Decision Date: February 21, 2022

On February 3, 2022, the Illinois Supreme Court held in the case of McDonald v. Symphony Bronzeville Park, LLC, that the exclusivity provisions of the Illinois Workers’ Compensation Act do not preempt a claim for statutory damages under the Illinois Biometric Information Privacy Act (“BIPA”).

The Court found that damages to an individual’s right to privacy as a result of a BIPA violation are not the type of compensable injuries capable of redress under the Compensation Act.

State of Florida v. Nelson et al (8:21-cv-02524)

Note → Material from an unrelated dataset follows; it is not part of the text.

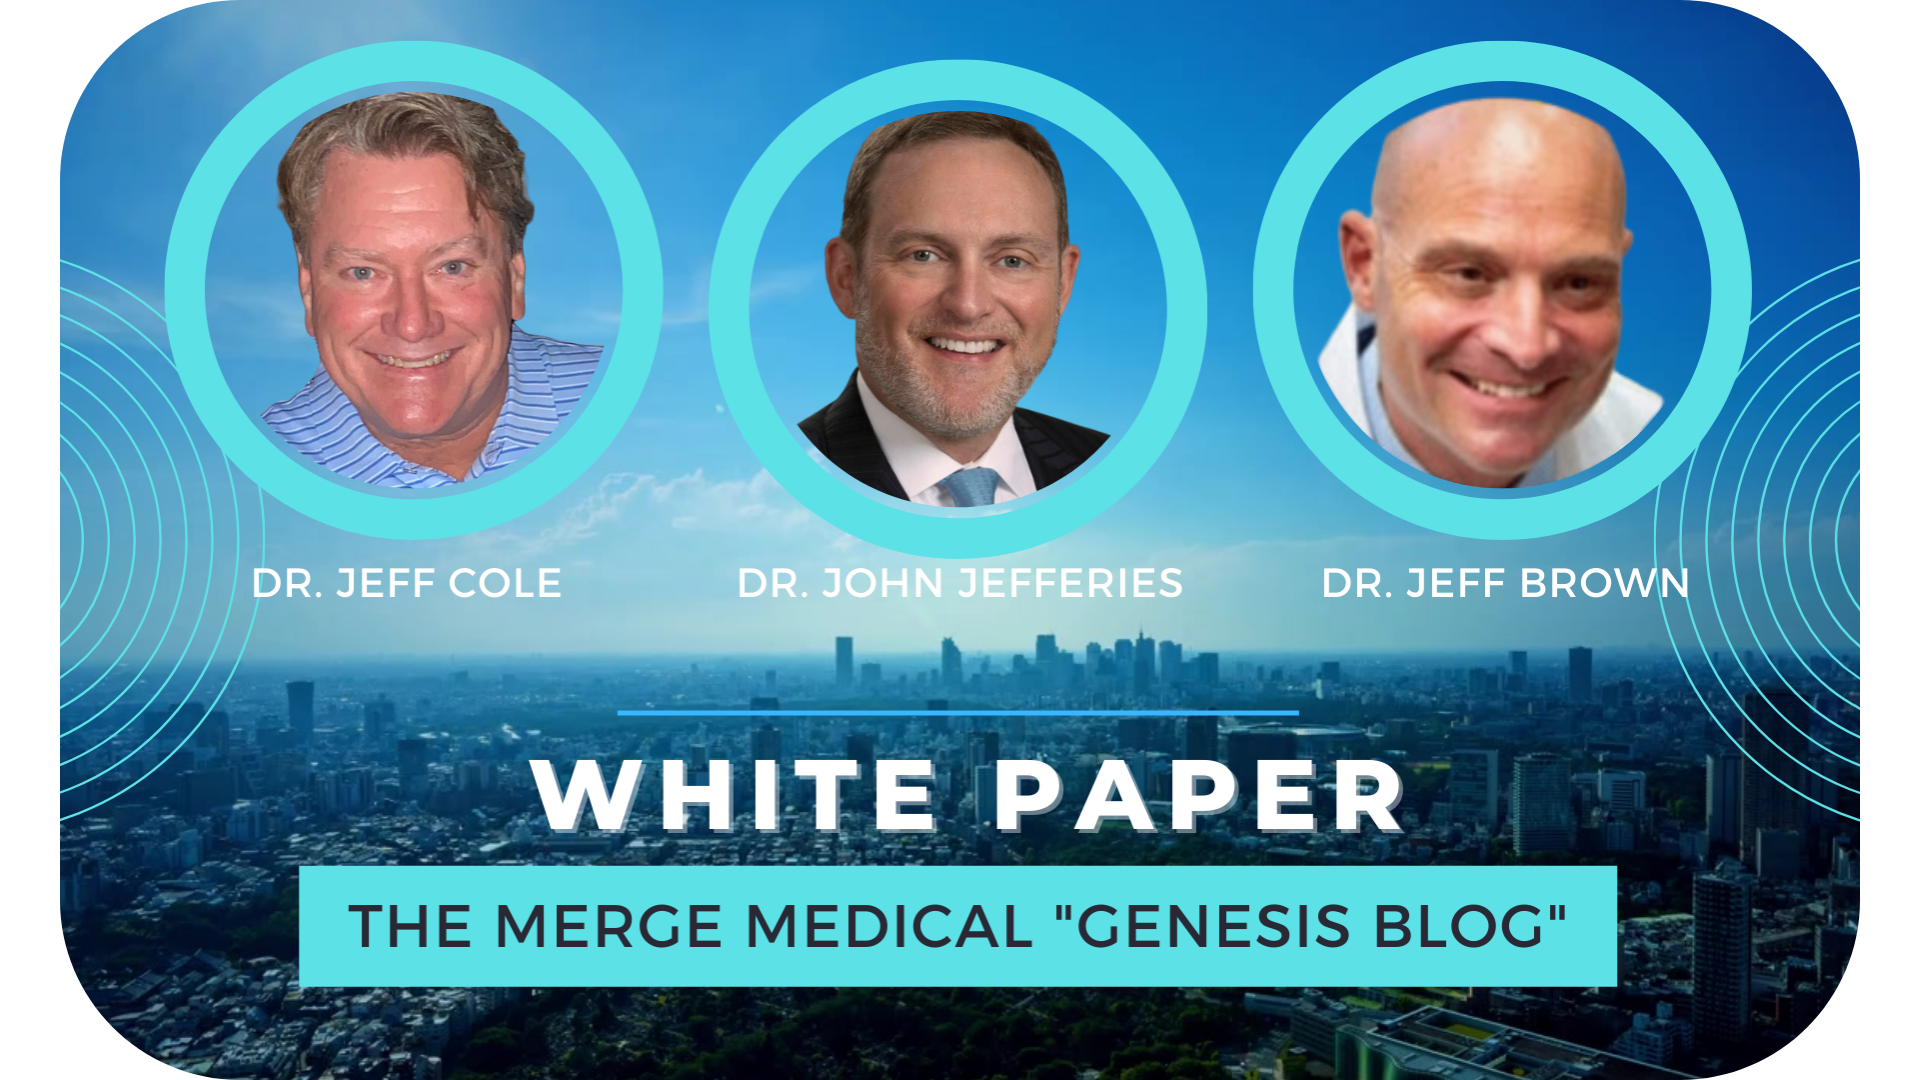 (Video Version) The Merge Medical “Genesis Blog”. If I had a billion dollars to improve healthcare and the healthcare profession: Hitting the target with Merge Medical

Decision Date: December 22, 2021

On Wednesday, December 22, 2021, a Florida federal judge granted "preliminary injunction" on the Biden administration's vaccine mandate for federal contractors, claiming that the Executive Order exceeded his authority under the Federal Property and Administrative Services Act. Florida is one of many states, to sue the federal government over the federal contractor vaccine mandate.

Glacier Northwest, Inc. v. International Brotherhood of Teamsters Local Union No. 174 (No. 99319-0)

Decision Date: December 16, 2021

In October of 2022, the U.S. Supreme Court approved a writ of certiorari to review a decision from the Supreme Court of the State of Washington.
Importantly, this case will have the Supreme Court rule on whether employers may legally sue unions for vandalism.
The case originally arose from an employer wanting to sue its employers because their company's mixed concrete hardened during a strike.
Washington held that such a lawsuit was prohibited because strikes are protected under the NLRA. The U.S. Supreme Court will rule on whether to uphold this decision.